The whole unsavoury fiasco goes to demonstrate one essential point about the beautiful game.
The fans don't own, run or even have any real say in the club they give such devotion to.
They are just the poor bloody infantry whose contribution, in the forms of cash and crowd presence, are taken for granted. While their rights and opinions are ignored.
Football is wonderful. I love it.
But as long as success is dependent on who has the most money, it is a hollow love.
As long as who has the most money depends on how rich the owners are, it is a shallow pleasure.
As long as Ipswich Town FC remains the plaything of the landed gentry, it will never be one of the big boys.

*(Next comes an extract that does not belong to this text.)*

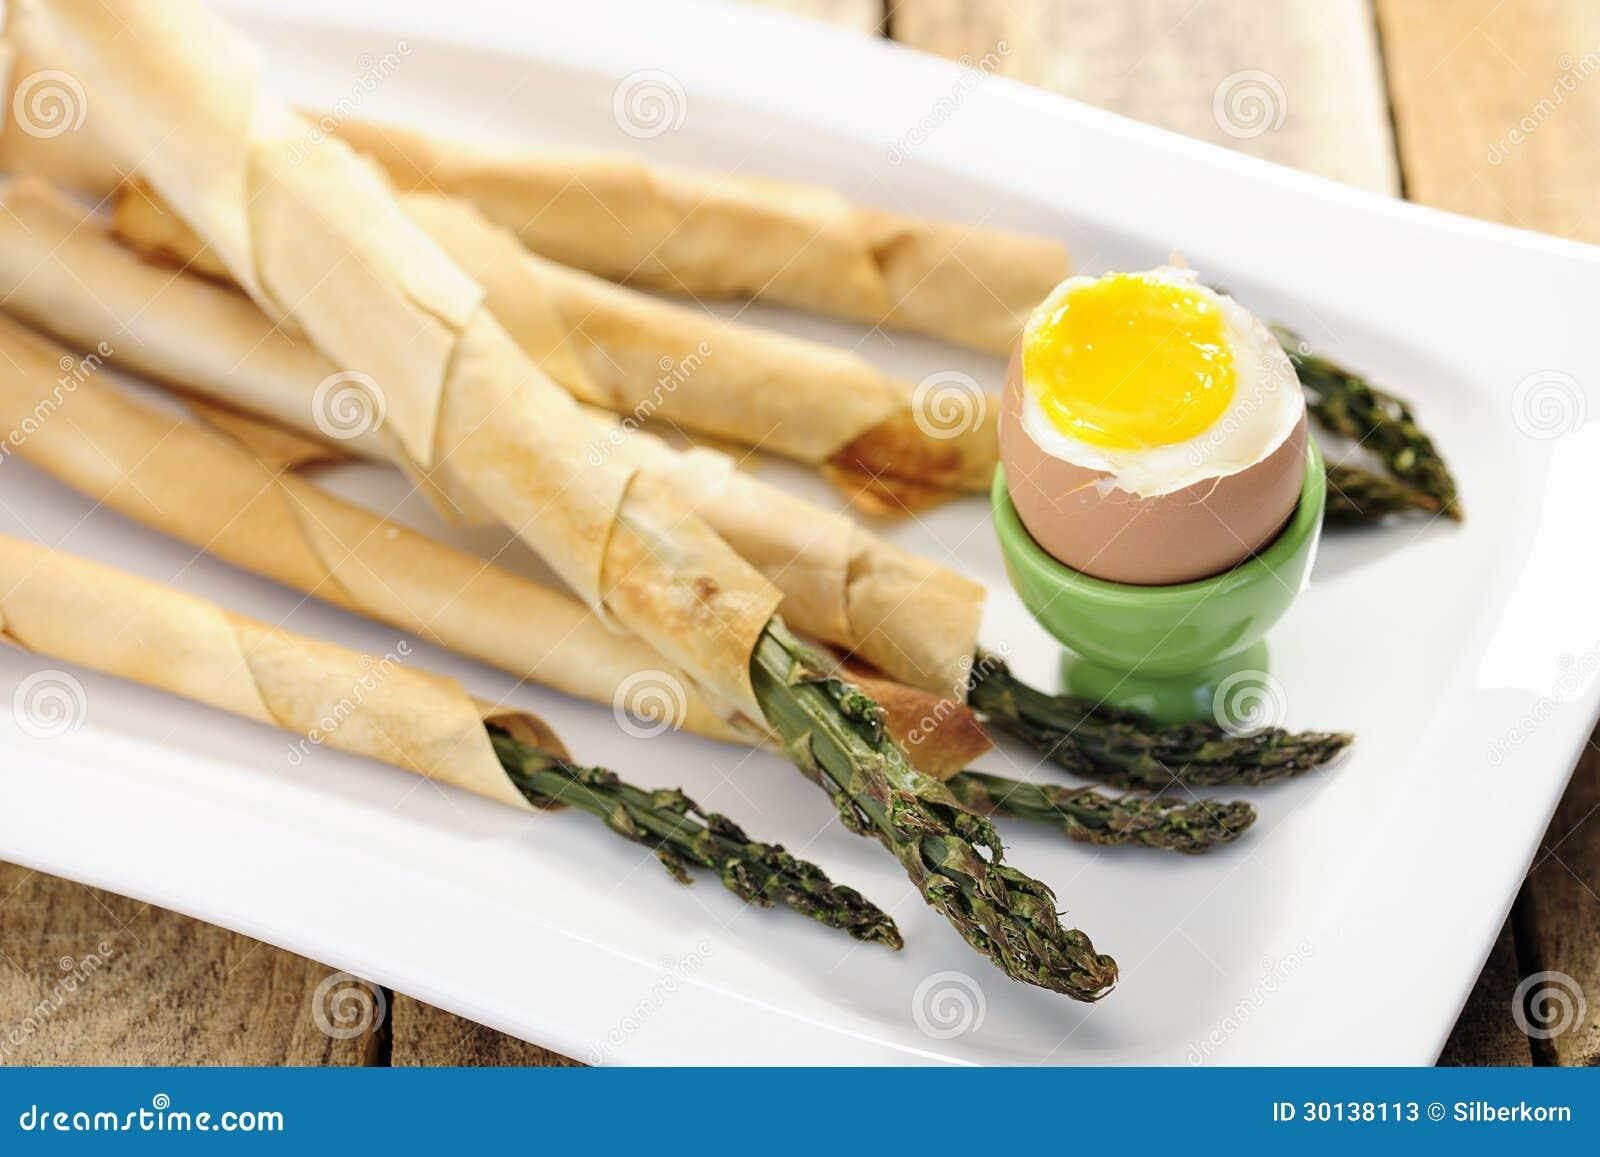 Jedzenie: Asparagus zawijający w cienkim ptysiowym cieście z miękkiej części gotowanym jajkiem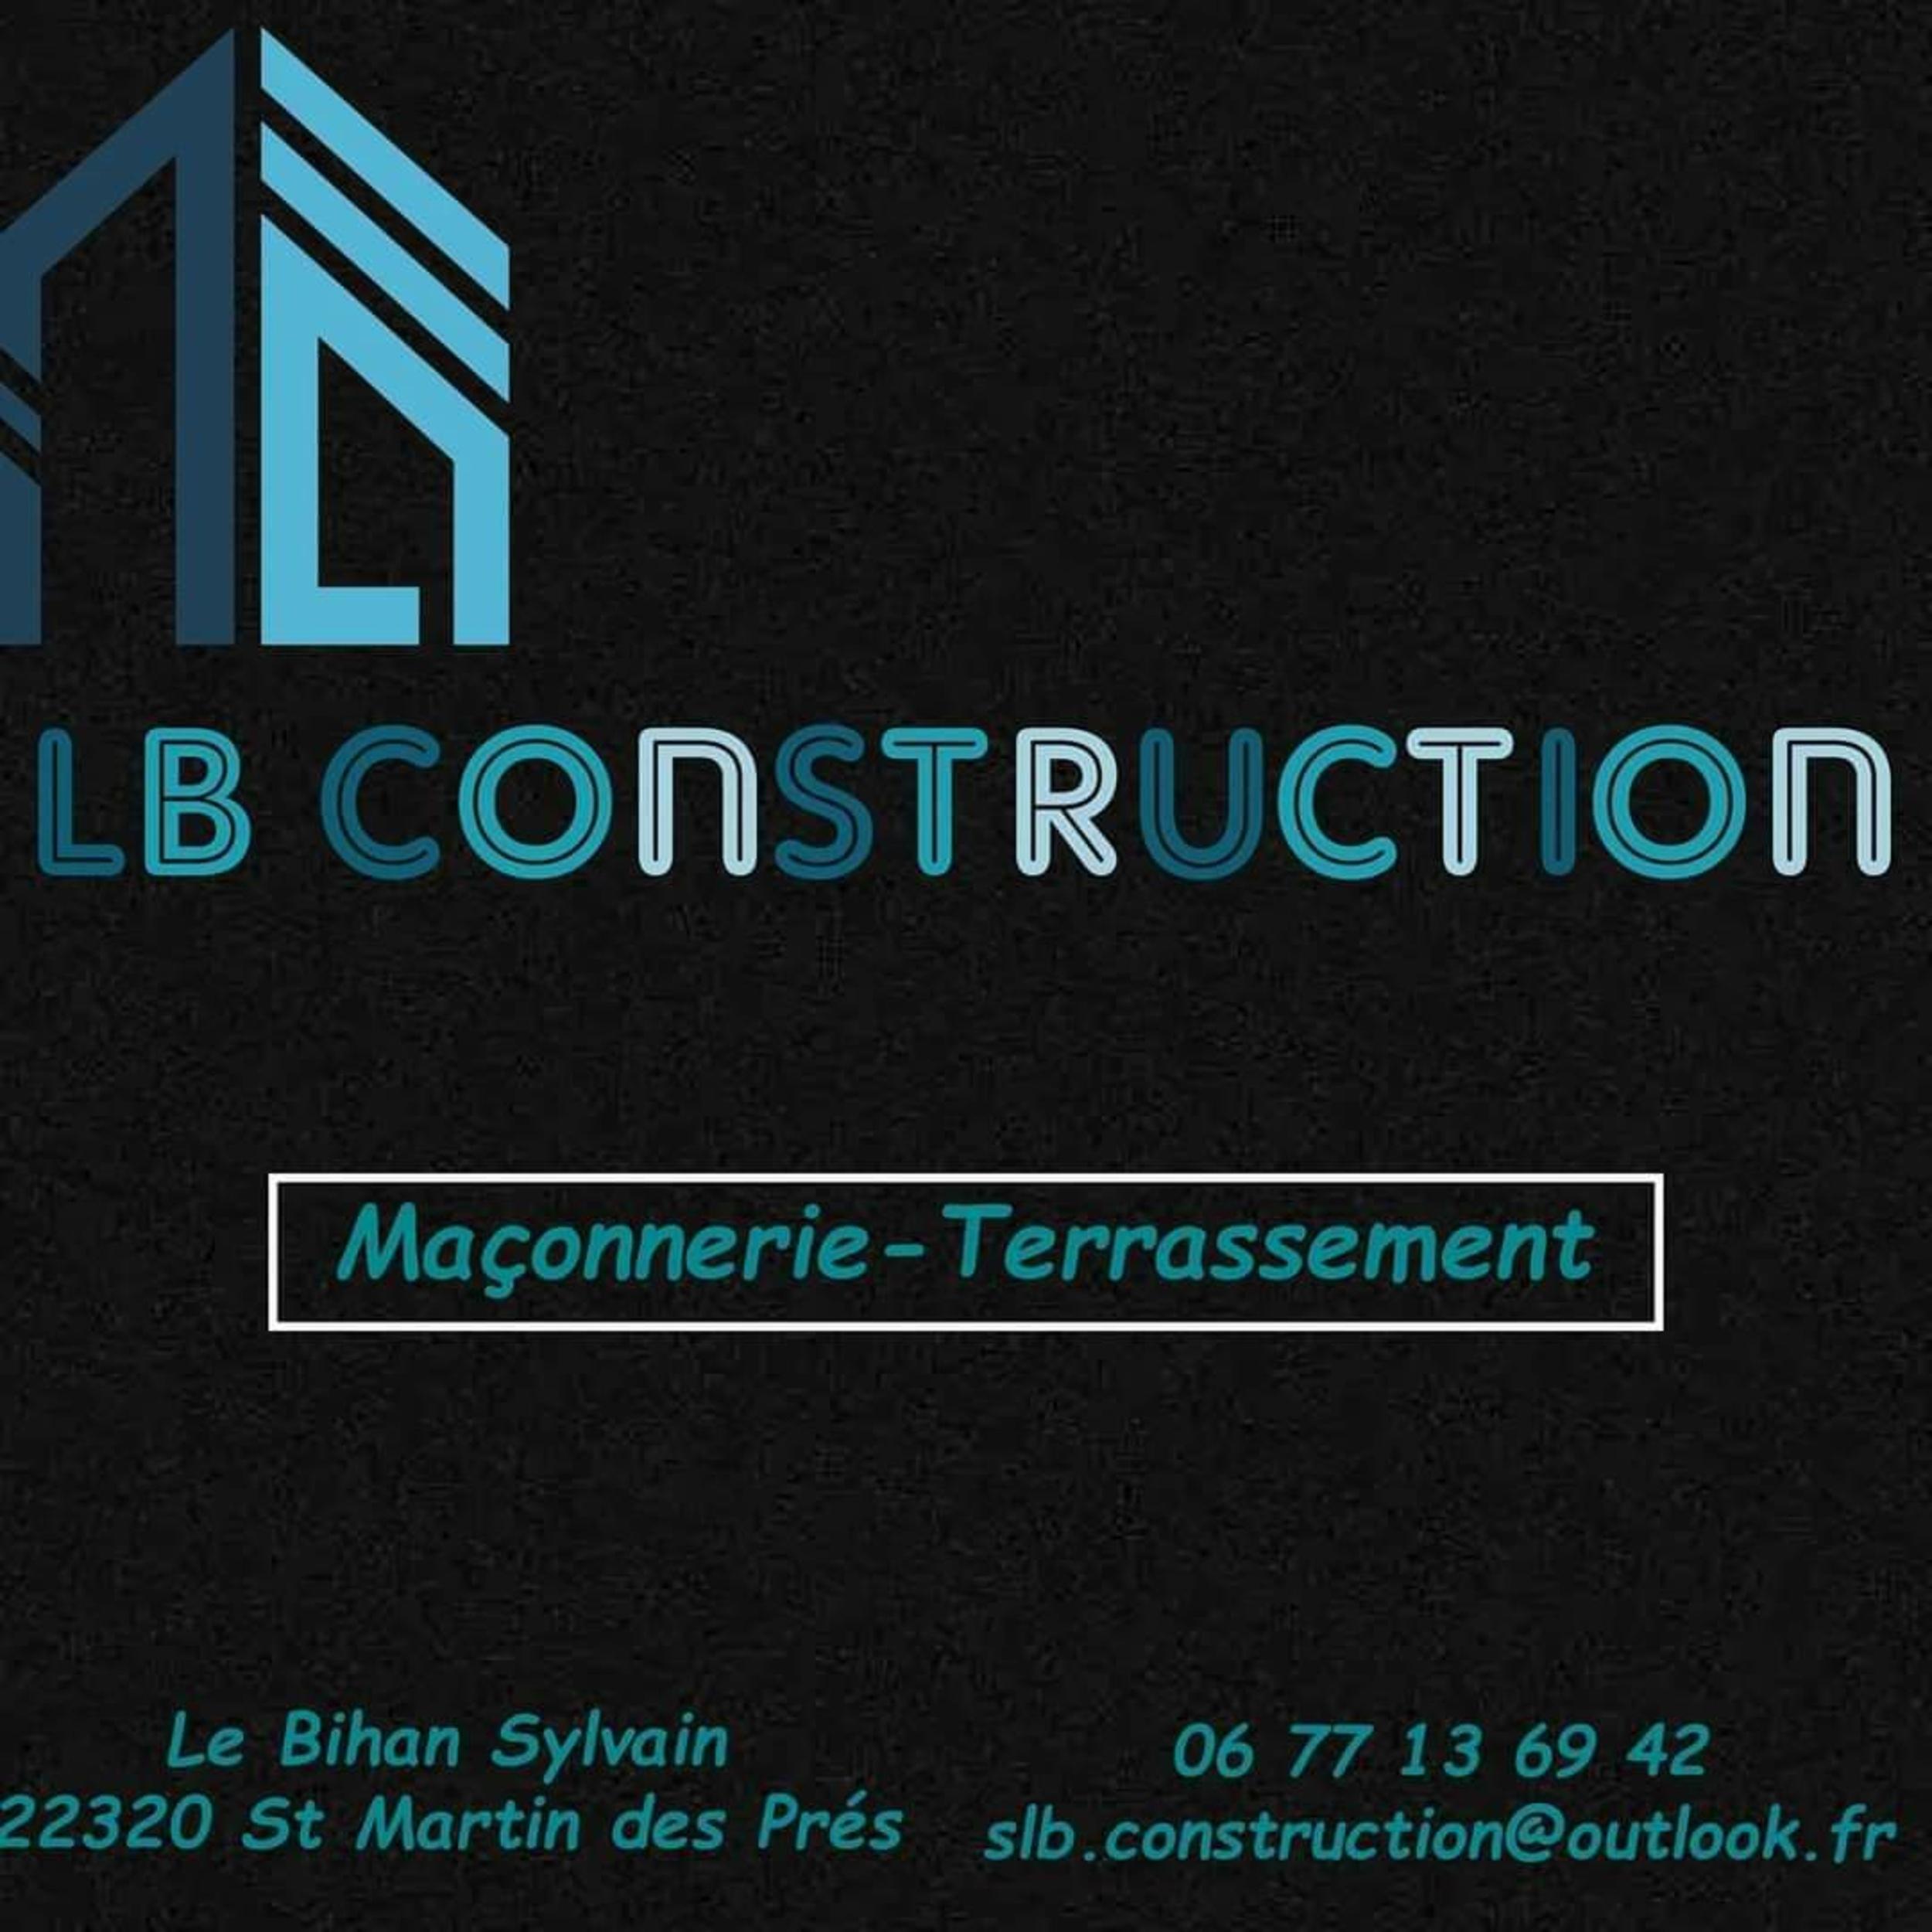 LB construction à St Martin des Prés

But then, who really wants to play with the big boys anyway?
HE didn't fight any dragons. He didn't wear a big red cross. He probably never even heard of the far, cold land that centuries after his death was to become England.
So why on earth is George England's patron saint?
Simply because Henry III liked the stories that had been made up about him and chose him as his emblem. This was in the 13th century, by which time George – a Roman soldier in what is now Turkey – had been dead for 1,000 years.
You probably didn't celebrate St George's day on Wednesday. Well, frankly, why would you?
But there is a growing movement to make it more of a public event, in the style of St Patrick's day.
Don't let's get carried away, though. St Pat's has really only taken off here in the last few years, as a brilliant marketing ploy by the brewers of various dark brown liquids.
If we have to have a national day (and I'm not at all sure it's such a desirable thing) why not celebrate a real Englishman who really did something great?
Like William Shakespeare, for example – whose birthday, and probably death day, just happen to be April 23: St George's day.